Upon exposing the detecting elements to the target gas, a rise or drop in bead temperature occurs owing to the loss of heat from the detector bead, which subsequently results in the formation of resistance. The difference in bead temperature corresponds to the difference in thermal conductivities of target gases with respect to the reference gas. However, the sealed bead does not undergo any changes. The rise or drop in resistance is demoted by the positive/negative results of the bridge circuit.

The output derived based on the target gas, operating voltage and the type of sensor can be range from 50 to 100mV positive for pure argon gas, and 100 to 700mV negative for pure gases such as helium and methane.

Linearity

The signal output is observed to be non-linear with reference to the increasing gas concentrations. The non-linearity can be analyzed with the help of look-up tables or curve fitting methods such as quadratic response.

Resolution and Accuracy

In general, thermal conductivity sensors measure gases of volume percentage between 0 and 100%. The resolution of the sensor, however, is sufficient to extend over such a huge LEL range. The accuracy of output derived from the curve fitting determines the resolution of sensor.

The devices carrying the thermal conductivity sensor should meet the specified standards of EN 61779 Parts 3 and 5.

Additional Information

  • The sensor operation does not harm the environment and does not require an oxygen supply as there are no catalytic processes involved. However, the sensor response may vary with changes in bead temperature in case of decomposition of species on the detecting bead.
  • It is necessary to thoroughly seal the compensating element to avoid signal loss when the target gas reaches the element.
  • The rate of heat loss from the bead will be affected with varying levels of pressure and humidity of target gases.

About SGX Sensortech (IS)

SGX Sensortech is a market leader in innovative sensor and detector devices that offer unrivalled performance, robustness and cost- effectiveness.

SGX have been designing and manufacturing gas sensors for use in industrial applications for over 50 years, offering excellent applications support for an extensive range of gas sensors and the expert capability for custom design or own label.

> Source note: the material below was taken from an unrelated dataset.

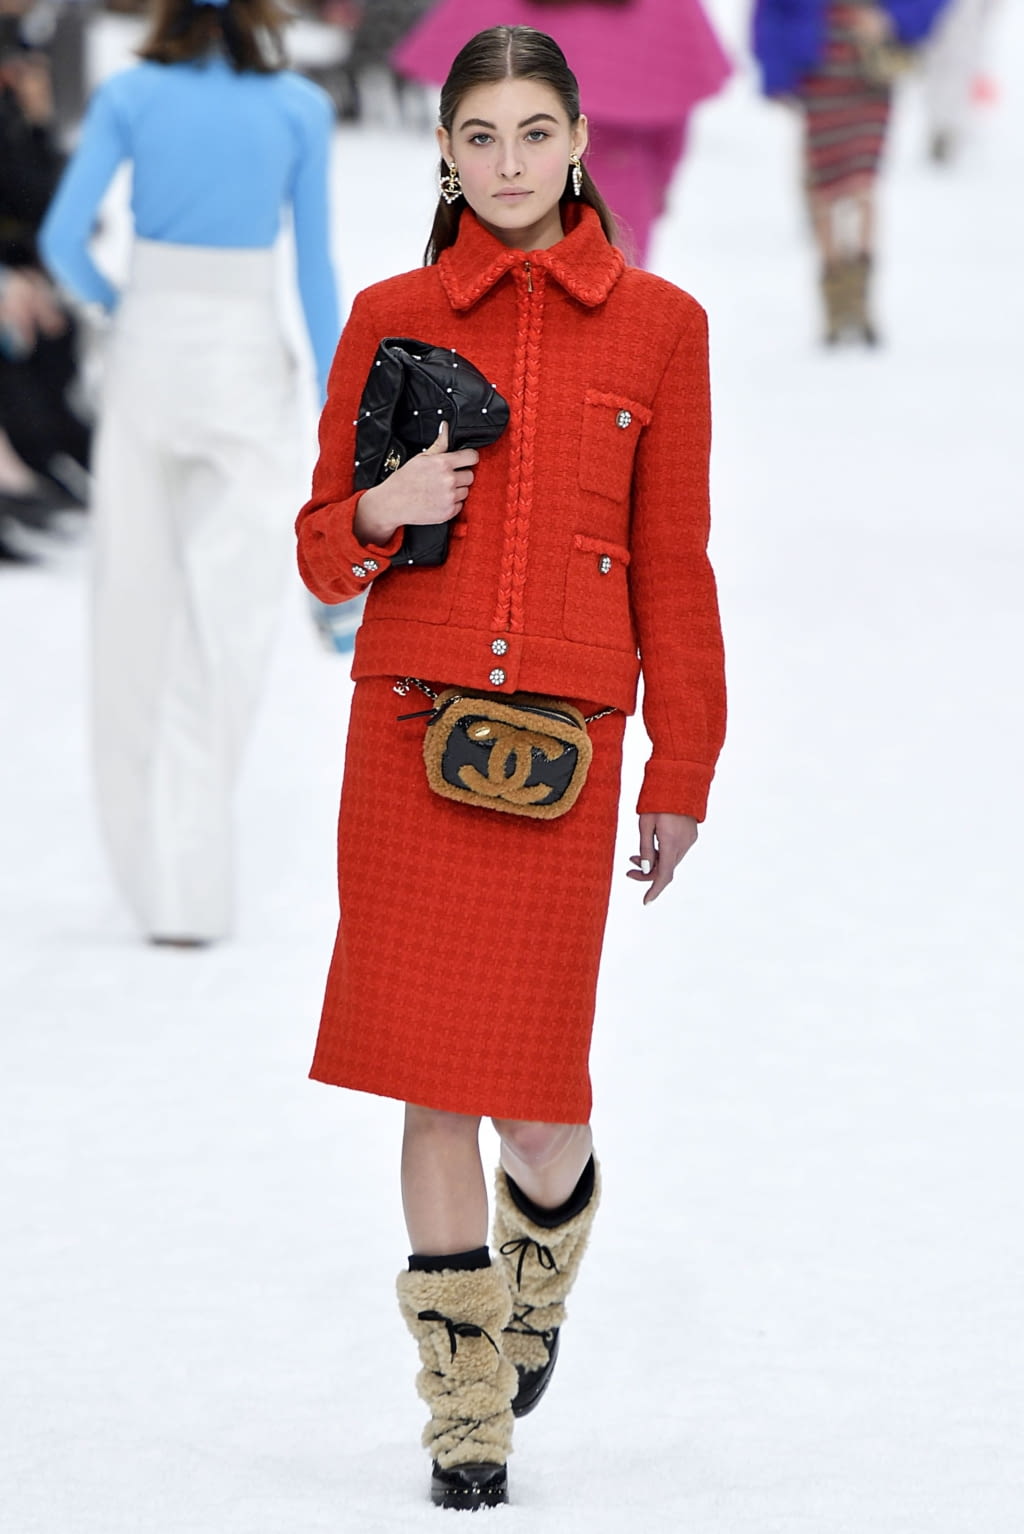 Chanel FW19 womenswear #44 - Tagwalk: The Fashion Search Engine

As an independent OEM supplier of gas sensors, we pride ourselves on providing customers with unrivalled product reliability and personal product support via specialist engineers.

SGX gas sensors are built to the highest standards with all pellistor and infrared gas sensors achieving ATEX and IECEx certification, SGX gas sensors are also UL and CSA approved.

Our product portfolio has continued to expand in technology and detectable gases used in a wide range of applications including:-

  • Mining
  • Oil and gas
  • Confined space entry
  • Indoor air quality
  • Industrial area protection
  • Leak detection

This information has been sourced, reviewed and adapted from materials provided by SGX Sensortech (IS) Ltd.

For more information on this source, please visit SGX Sensortech (IS) Ltd.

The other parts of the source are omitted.